A lot of miscellaneous work this month that isn't directly user facing. We do still have some interesting topics this month that some people will be
interested in.
Simplify StealMemory functions
A fairly significant change this month is reducing the time it takes FEX to set up its memory upon load. FEX needs to do an initial setup of the memory when an application loads
because between x86-64, x86, and AArch64 the memory layouts are significantly different.
Depending on the architecture of the application, FEX needs to allocate a large amount of memory to emulate the x86/x86-64 memory behaviour.
On 32-bit x86
- We need to allocate all memory above 32-bit memory space
- This is because we emulate 32-bit applications as a 64-bit AArch64 application
On 64-bit x86-64
- We need to allocate all memory in the 48-bit virtual address space
- This is because AArch64 supports the full 48-bit space for the user
- x86-64 userspace only receives 47-bit
- Application's rely on not receiving 48-bit pointers!
From this graph showing the amount of CPU time spent in each routine, we can see a significant reduction in time to execute.
For 32-bit and 64-bit specific operations this results in a ~70x and ~181x reduction in in execution time!
How well does this improve execution time in practice though?
This graph is showing the total time it takes to run applications fully through. The smallest test applications have shaved off around 75% - 85% their execution time. The biggest improvement
comes from Proton setting up its execution environment. Proton's underlying execution environment is called pressure-vessel which executes hundreds
of background applications while setting up. This is one of the worst cases for FEX since each independent application execution needs to JIT new code
and handle all of its state setup. This case reduces the execution time from around 21 seconds down to around 17 seconds! This can really
be felt when execution back to back Proton instances when testing games!
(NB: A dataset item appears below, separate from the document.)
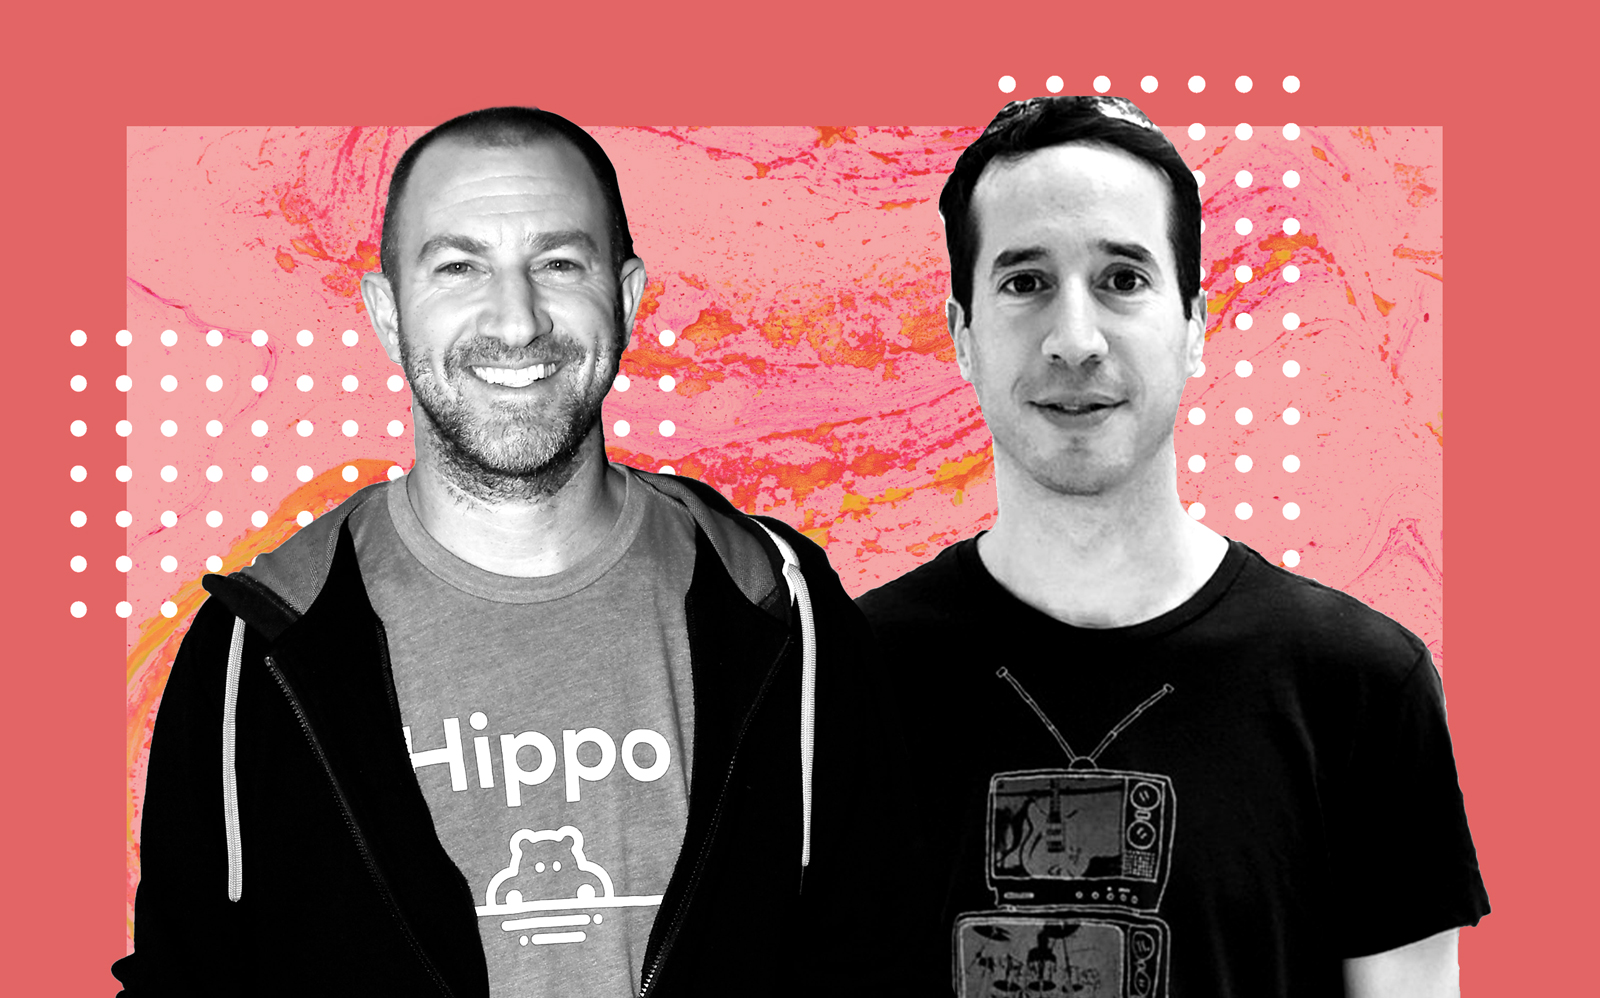 Hippo founders Assaf Wand and Eyal Navon (LinkedIn)

While this is a significant step in the right direction, FEX still has a ways to go to hit the native execution time of pressure-vessel which can take
as little as one second.
More AVX work
A bunch more work has gone in to supporting AVX emulation. This is still preliminary backend work for now.
-
HostRunner
- Handle upper YMM lanes in sigsegv handler
-
InterpreterOps
- Extend SSAData size to accomodate 256-bit operations
-
VectorOps
- Extend VAnd/VBic/VOr/VXor
- Extend VMov
- Extend VectorImm
- Extend VectorZero
Thunks
X11
Some fairly minor changes here that improve usability of thunks with Proton. We added more Xlibint functions to the thunks which fixes X11 thunking
with DXVK. X11 is required for both Vulkan and OpenGL thunking so having this working is necessary when running those games.
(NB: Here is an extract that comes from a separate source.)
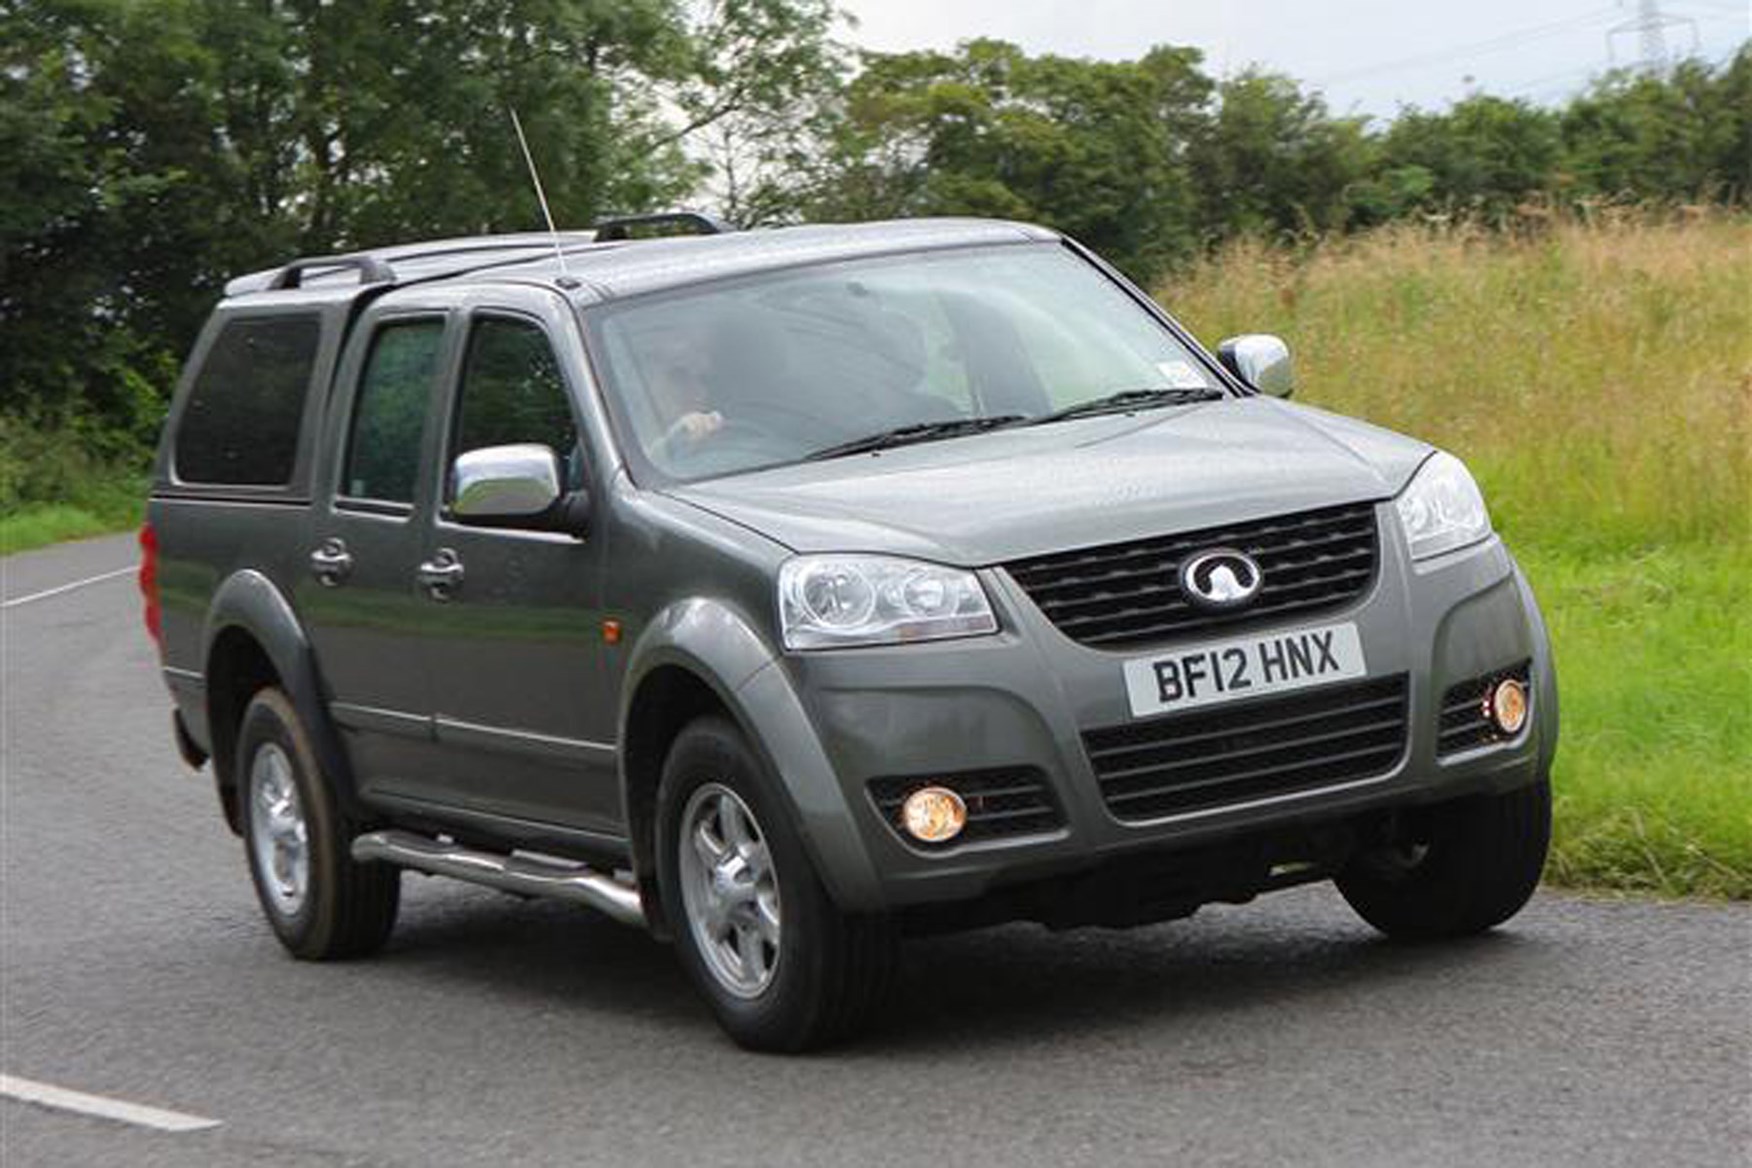 Great Wall Steed full review on Parkers Vans - on the road

Another necessary change for supporting thunks with Wine/Proton is more aggressively supporting X11 functions which require variadic arguments. There
are quite a few of these functions sprinkled around that require this. While we supported these functions with open-coded support up to 7 arguments,
we need to support at least up to 14 arbitrary arguments in some instances. We now have some assembly code in place which can support an arbitrary
number of arguments by packing these in memory the expected way. While this only works for 64-bit integers, it's all that we need for X11.
With both of these features implemented both OpenGL and Vulkan thunking works with Proton.
VDSO
While this is implemented as a thunk on the FEX side, it behaves slightly differently that normal thunks. This will always be enabled as long as FEX
can load the VDSO-host.so library installed on the system. Due to the nature of VDSO, all applications always have a VDSO region provided by the
kernel at all times. FEX wants to provide fast emulation of this "library" since applications abuse it heavily for performance. This was noticed when
running Proton games, they abuse the clock_gettime very heavily which was causing significant CPU overhead. Applications were calling this VDSO
syscall hundreds or thousands of times a second. This now significantly lowers the amount of time spent in the kernel for timing functions.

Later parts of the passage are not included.